[Given information Boundary: Start]

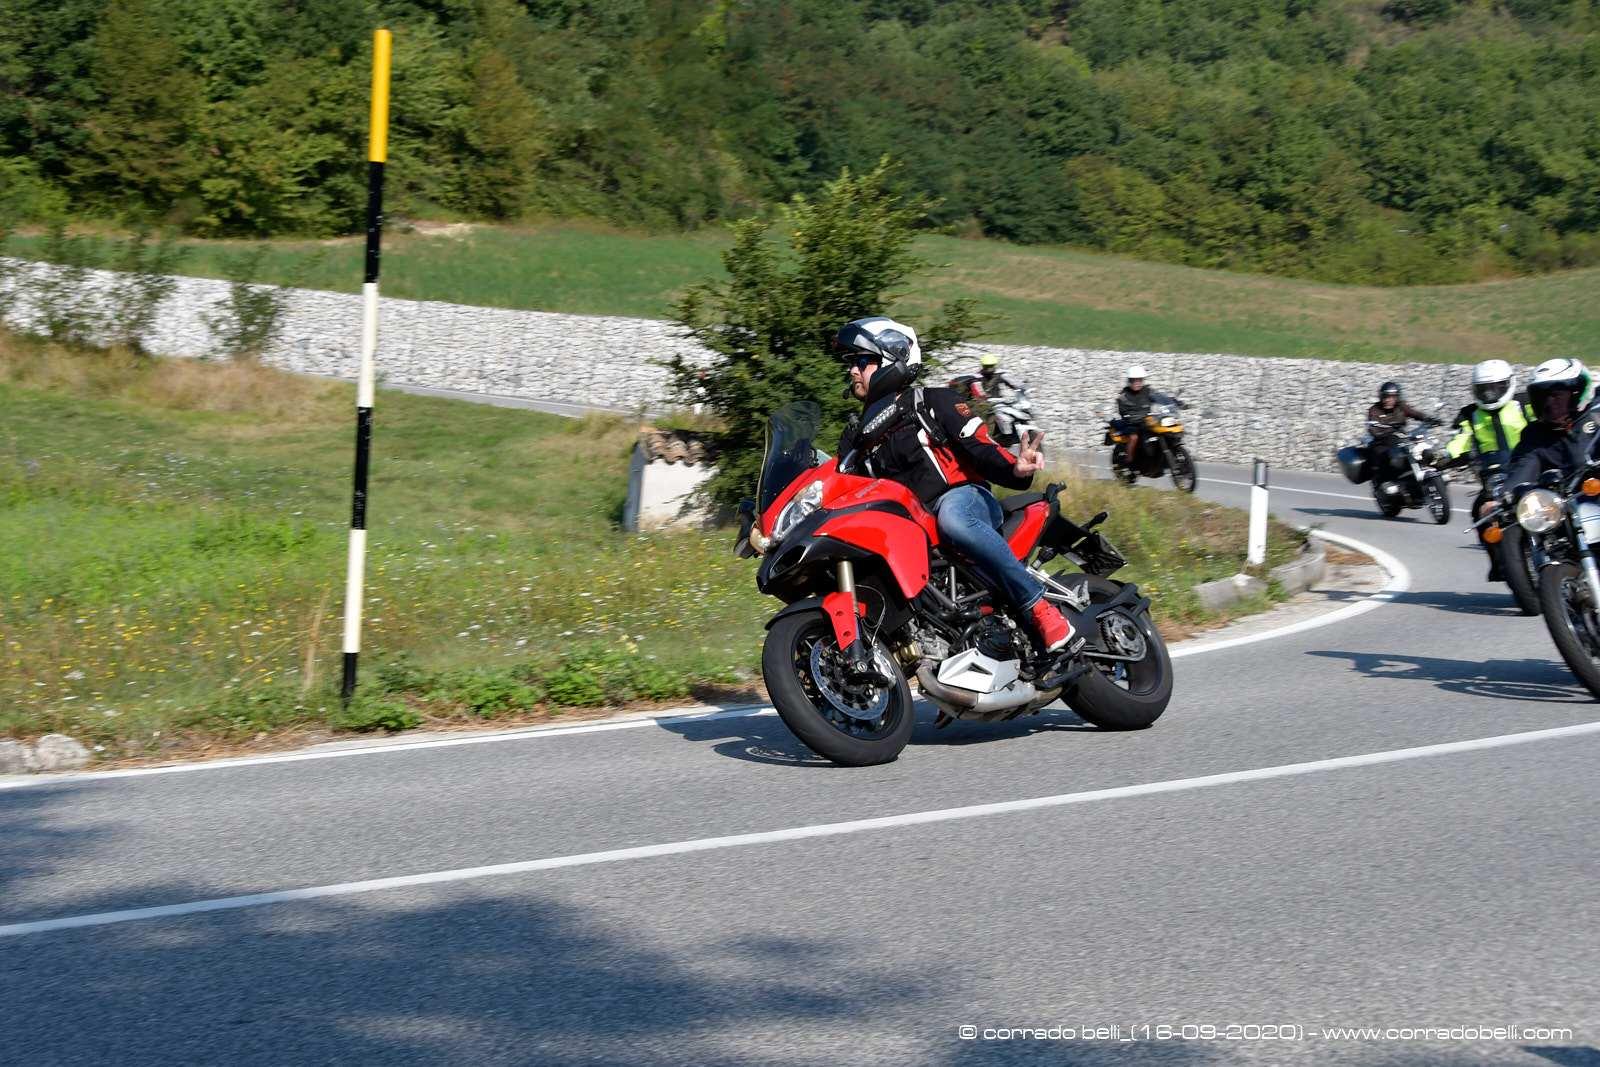 0116-Benelli-Week_16-09-20
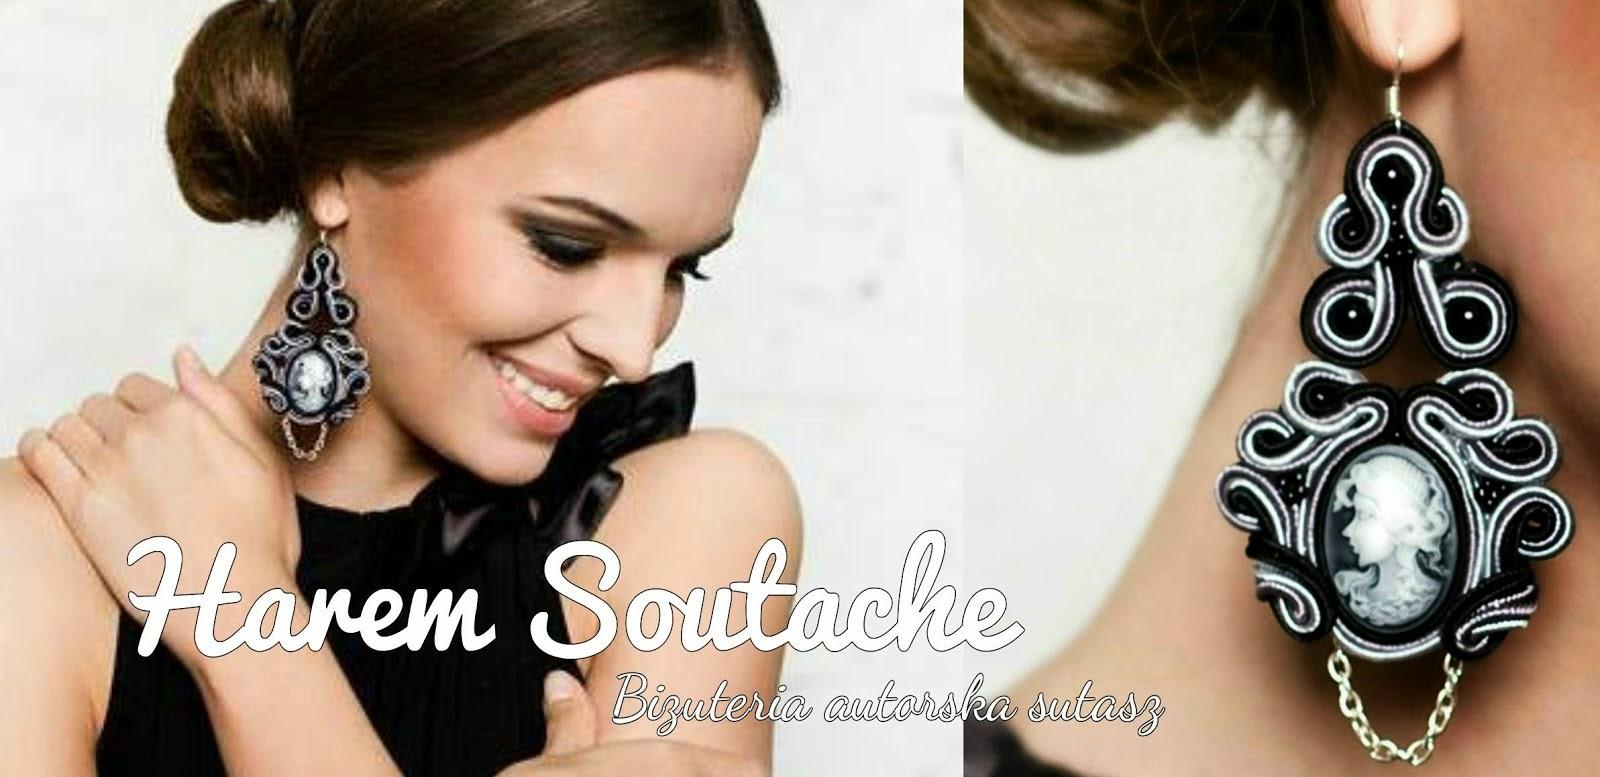 Harem Soutache
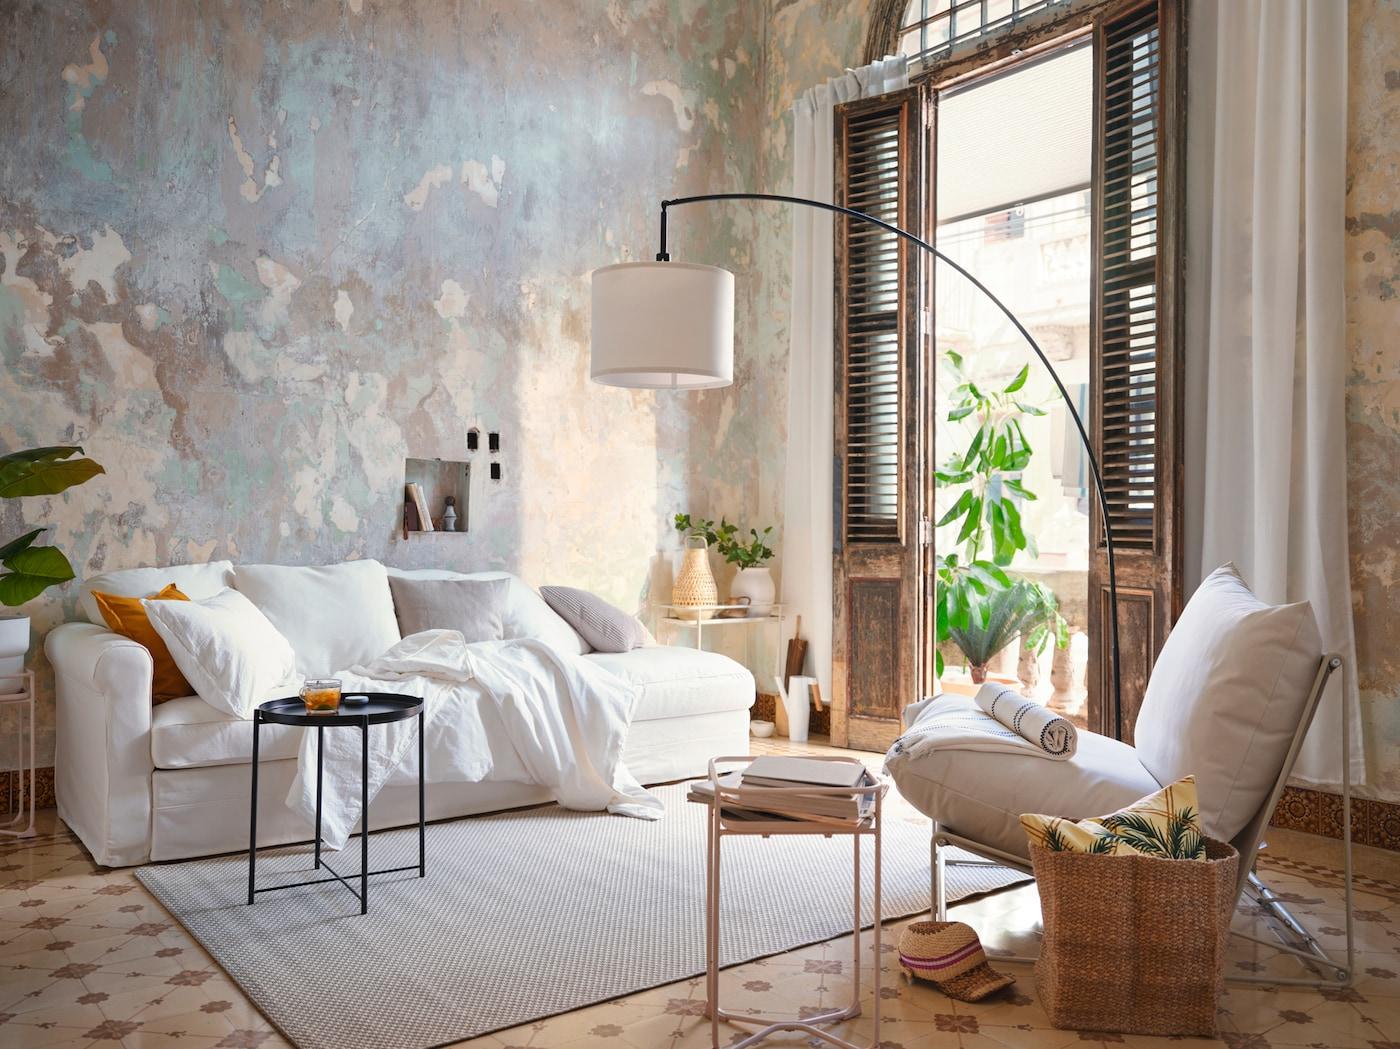 Un canapé blanc dans une déco gris-beige avec quelques coussins, une table d'appoint noire et un fauteuil d'appoint blanc.

[Given information Boundary: End]

Exercise brief:
Give back the material word for word, leaving out its pictures.

Finished task:
 0116-Benelli-Week_16-09-20
 Harem Soutache
 Un canapé blanc dans une déco gris-beige avec quelques coussins, une table d'appoint noire et un fauteuil d'appoint blanc.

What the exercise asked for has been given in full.